How urban planning and housing policy helped create 'food apartheid' in U.S. cities by Julian Agyeman
Hunger is not evenly spread across the U.S., nor within its cities. Even in the the richest parts of urban America there are pockets of deep food insecurity, and more often than not it is Black and Latino communities that are hit hardest. As an urban planning academic who teaches a course on food justice, I’m aware that this disparity is in large part through design. For over a century, urban planning has been used as a toolkit for maintaining white supremacy that has divided U.S. cities along racial lines. And this has contributed to the development of so-called “food deserts” – areas of limited access to reasonably priced, healthy, culturally relevant foods – and “food swamps” – places with a preponderance of stores selling “fast” and “junk” food. Both terms are controversial and have been contested on the grounds that they ignore both the historical roots and deeply racialized nature of food access, whereby white communities are more likely to have sufficient availability of healthy, reasonably priced produce. Instead, food justice scholar Ashanté M. Reese suggests the term “food apartheid.” According to Reese, food apartheid is “intimately tied to policies and practices, current and historical, that come from a place of anti-Blackness.” Regardless of what they are called, these areas of inequitable food access and limited options exist. The U.S. Department of Agriculture estimates that 54.4 million Americans live in low-income areas with poor access to healthy food. For city residents, this means they are more than half a mile from the nearest supermarket.

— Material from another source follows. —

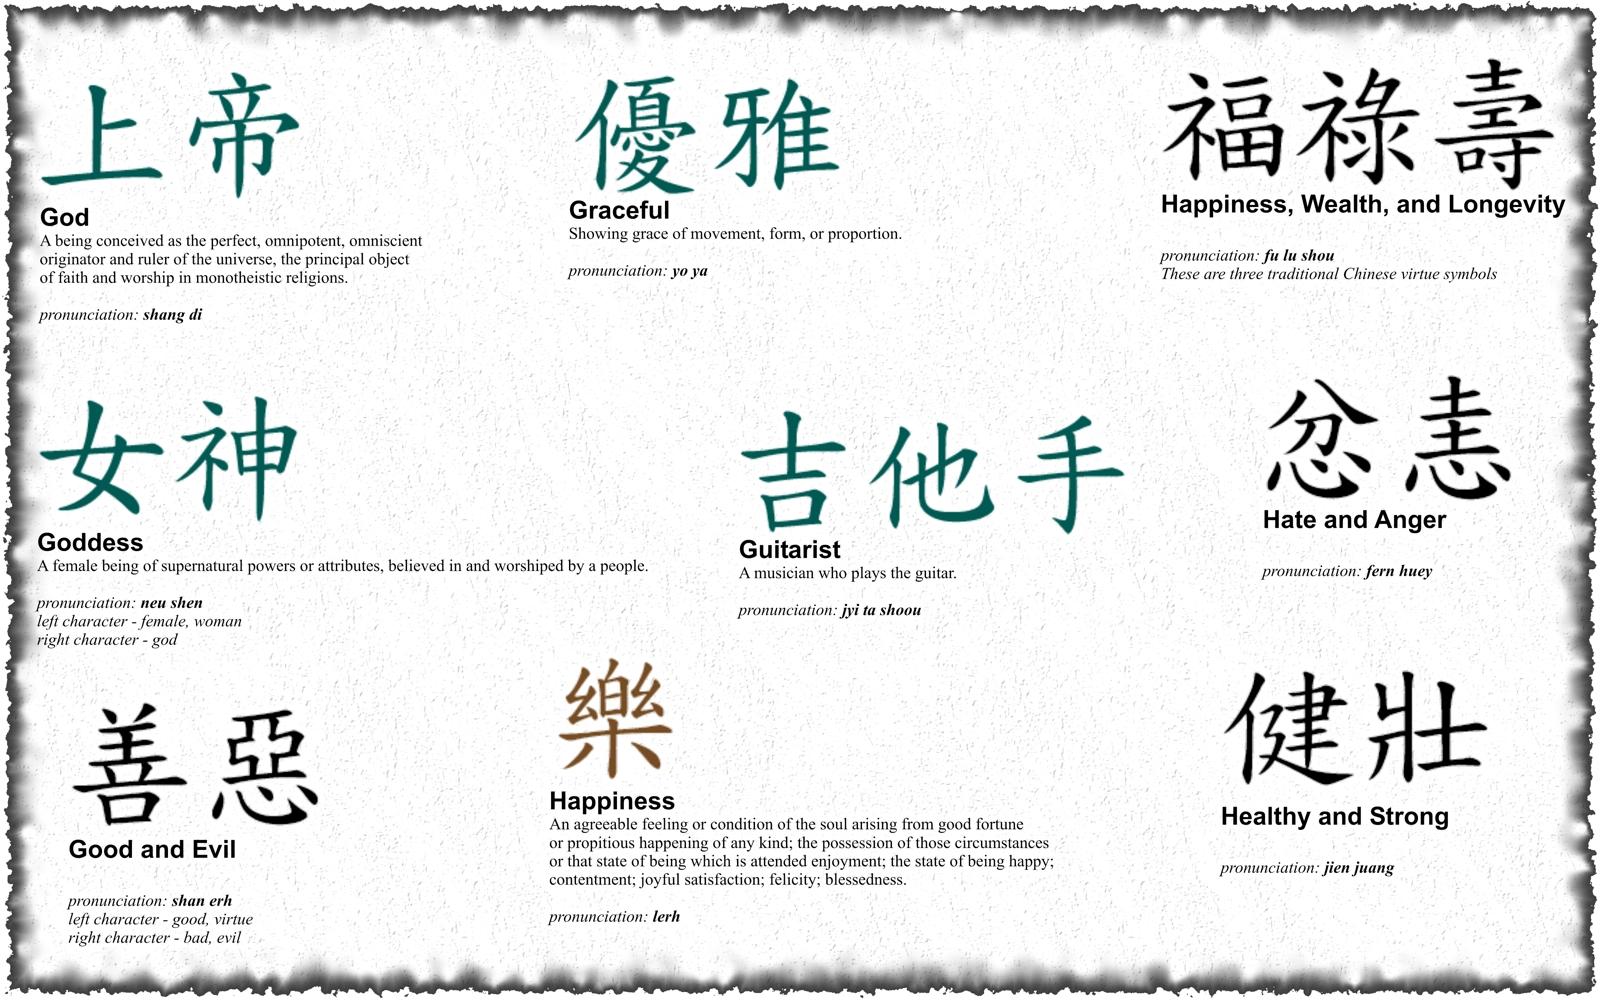 ... ://vanuax.com/japanese-tattoo-designs-your-name-in-kanji-symbols.html

More expensive, fewer options The development of these areas of limited healthy food options has a long history tied to urban planning and housing policies. Practices such as redlining and yellowlining – in which the private sector and government conspired to restrict mortgage lending to Black and other minority homebuyers – and racial covenants that limited rental and sale property to white
people only meant that areas of poverty were concentrated along racial lines. In addition, homeowner associations that denied access to Black people in particular and federal housing subsidies that have largely gone to white, richer Americans have made it harder for people living in lower-income areas to move out or accrue wealth. It also leads to urban blight. This matters when looking at food access because retailers are less willing to go into poorer areas. A process of “supermarket redlining” has seen larger grocery stores either refuse to move into lower-income areas, shut existing outlets or relocate to wealthier suburbs. The thinking behind this process is that as pockets in a city become poorer, they are less profitable and more prone to crime. There is also, scholars suggest, a cultural bias among large retailers against putting outlets in minority-populated areas. Speaking about why supermarkets were fleeing the New York borough of Queens in the 1990s, the city’s then-Consumer Affairs Commissioner Mark Green put it this way: “First they may fear that they do not understand the minority market. But second is their knee-jerk premise that Blacks are poor, and poor people are a poor market.” In the absence of larger grocery stores, less healthy food options – often at a higher price – have taken over in low-income areas. Research among food providers in New Haven, Connecticut in 2008 found “significantly worse average produce quality” in lower-income neighborhoods. Meanwhile a study of New Orleans in 2001 found fast-food density was higher in poorer areas, and that predominantly Black neighborhoods had 2.5 fast-food outlets for every square mile, compared to 1.5 in white areas.